Así que, esa incapacidad de defender en lo que se cree, esa imposibilidad tan nuestra de apechugar con lo que nos encontramos y no buscar excusas en los demás a nuestros actos, hace que haya un baile de cifras mareante, hace que el ciudadano sea incapaz de saber la cantidad exacta del dinero que se debe y en qué se debe.
Y encima la Sindicatura de Cuentas de Castilla La Mancha -¡si Felipe II levantara la cabeza y se enterara de lo que han hecho con su Sindicatura de cuentas!- se suma al clásico futbolístico y se disfraza de árbitro indolente y cobarde que no quiere amonestar ni a unos ni a otros, que no saca la tarjetas que debe, que no expulsa al agresor y que saca las faltas fuera del área para no verse obligado a pitar una pena máxima.

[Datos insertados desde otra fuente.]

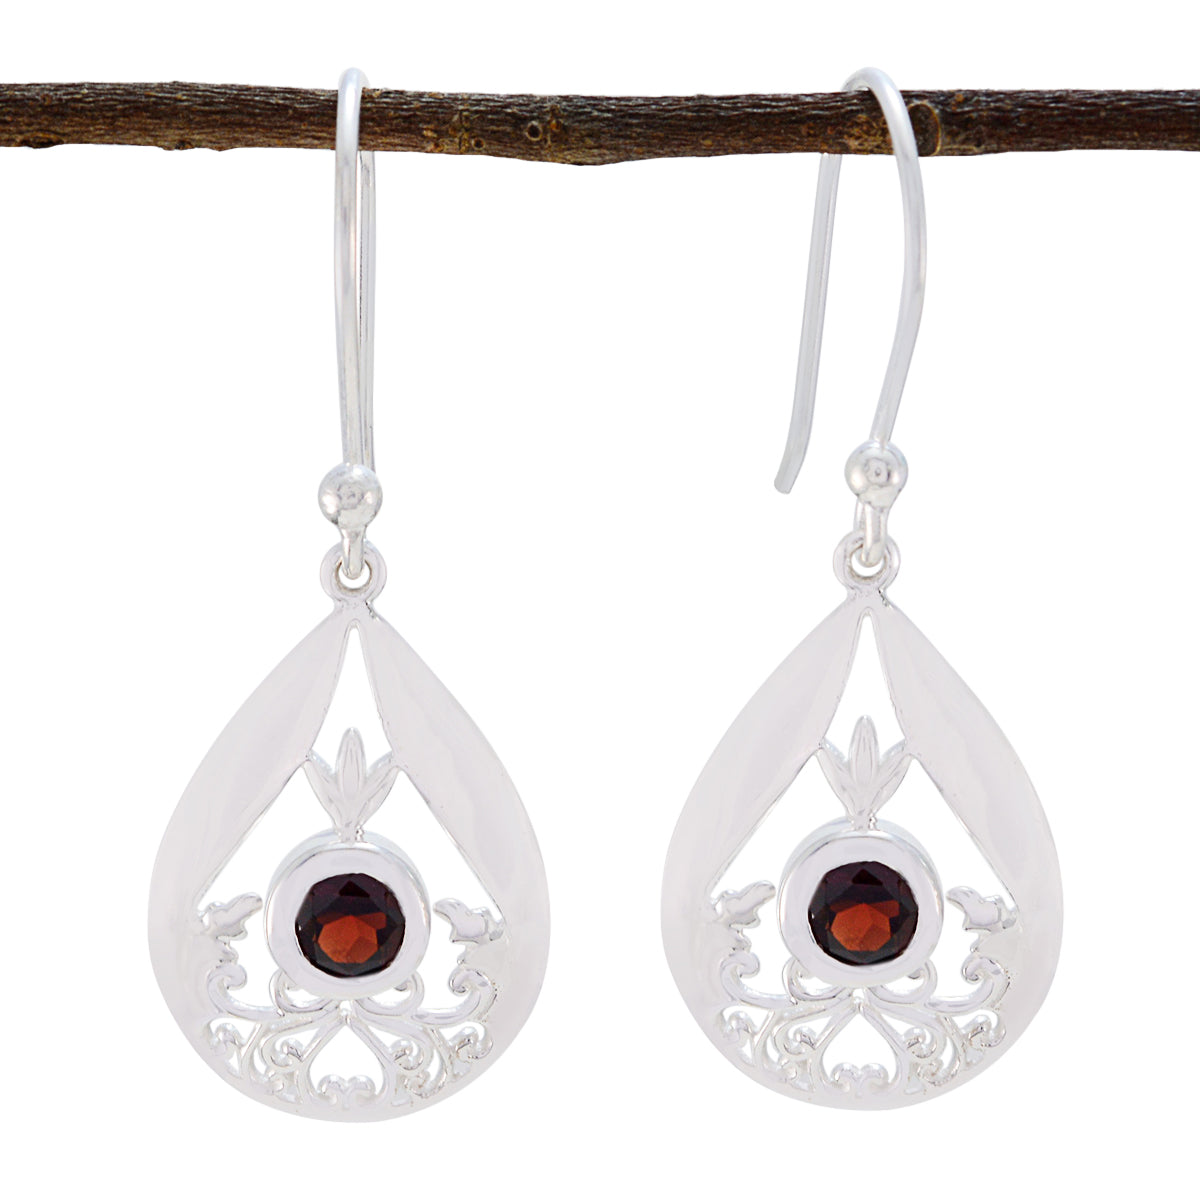 Riyo Real Gemstones round Faceted Red Garnet Silver Earring gift for boxing day

Así que parece que hay tres -o incluso cuatro- déficit castellano manchegos. Pero en realidad solamente hay uno. El problema es que nosotros no sabemos no tener razón.
En cualquier país civilizado -incluso en los occidentales atlánticos- una institución, una entidad, una autoridad da una cifra de deficit y todo el mundo trabaja con ella. Se acabó.
No se cuestiona, no se interpreta. No se engorda para ponerla como excusa ni se rebaja para utilizarla como mérito propio y demérito del sustituto.
Puede parecer autoritario, antidemocratico y oscuro y puede que lo sea. Pero es tan antiguo como los tirbunales de cuentas, tan antiguo como los quaestores romanos. Tan antiguo como las matemáticas.
Pero, como a Nuestra Señora de Cospedal no le gusta eso, lo más probable es que tire de la otra solución que Mou utiliza en los clásicos.
Dejar en el banquillo a todos aquellos que no siguen su política; privar del juego a los que saben jugar mucho mejor que ella pero nunca han jugado para ella.
A todos aquellos que llevan veinte años en el Real Madrid pero piensan que la gestión pública es algo más que el camino hacia la reelección y que las elecciones o las crisis no pueden impedirte hacer un correcto y ajustado servicio público.
Condenar a los entrenamientos en solitario fuera de la lista de convocados a todos aquellos que saben mover el balón y no quieren echarlo fuera, a todos aquellos que saben desmarcarse pero reconocen un fuera de juego para no poner en entredicho al árbitro. A todos aquellos que salen a un campo a jugar al fútbol porque no les importa quien gane mientras lo haga quien tiene que hacerlo.
A todos aquellos que sin ser de nadie no son de los suyos.
De hecho, creo que ya lo está haciendo.